As someone who has, at times, succumbed to the cross-party appeal of Senator John McCain, I'm nonetheless astonished at the number of otherwise intelligent journalists who seem not to have noticed that he has radically reinvented himself since the heretical years of 2000-2003.

Take Nick Kristof, who in a column in Sunday's Times entitled "The World's Worst Panderer" argues that "Mr. McCain’s orneriness toward Republican primary voters makes him a lionheart in the political world." The first three bits of evidence for this thesis are as follows:

1) "Mr. McCain led the battle against Dick Cheney on torture, even though it cost him donations, votes and endorsements." Kristof considers this "Mr. McCain’s most heroic moment." Eight paragraphs later, though, he's forced to confess that last week McCain "retreated on his brave stand on torture by voting against a bill that would block the C.I.A. from using physical force in interrogations." Some hero.

2) Then on to immigration, where Kristof writes that "While other Republican candidates revved up the mobs by debating how high a limb is optimal for hanging illegal immigrants, [McCain] patiently explained that it’s a complex problem with unsatisfying solutions, including creation of a path to citizenship for illegals." It seems to have escaped Kristof's notice that here, too, McCain has caved to the right, announcing that he "got the message" from those very same revved-up mobs and declaring that if his own immigration bill came up for a vote in the Senate he "would not" vote for it.

3) Third, Kristof notes McCain's longtime denunciations of ethanol, before adding, "This year he claimed that he liked ethanol after all, but he was so manifestly insincere and incompetent in this pandering that the episode was less contemptible than amusing."

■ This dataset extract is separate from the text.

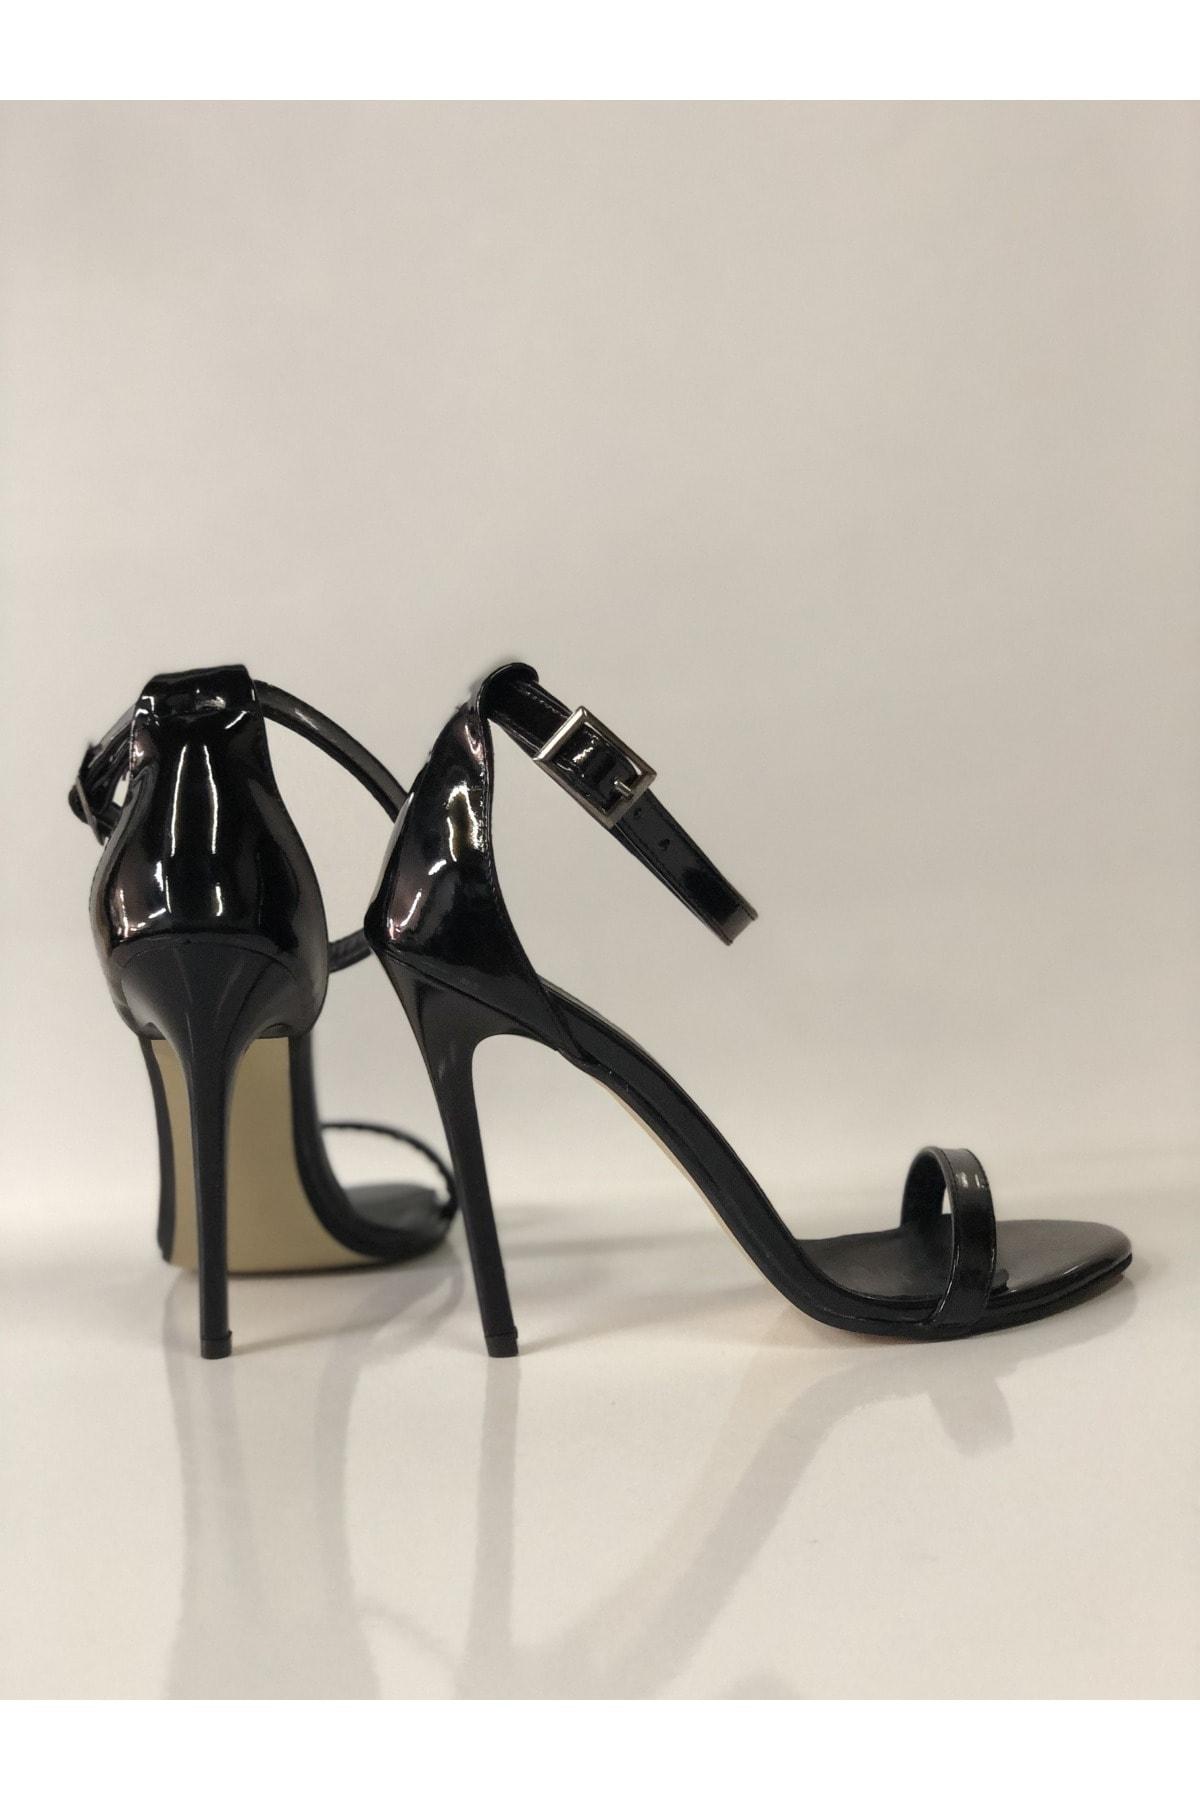 HAYYSHOES Kadın Siyah Topuklu Sandalet 2

To recap: Three examples of supposed political bravery, all of them since recanted. And Kristof doesn't even mention McCain's many other dramatic ideological reversals, including the most transparently political of all, his flip-flop on the Bush tax cuts. If incompetence and insincerity are really all it takes to get a pass on pandering, why isn't Kristof writing a testimonial to the political courage of Mitt Romney?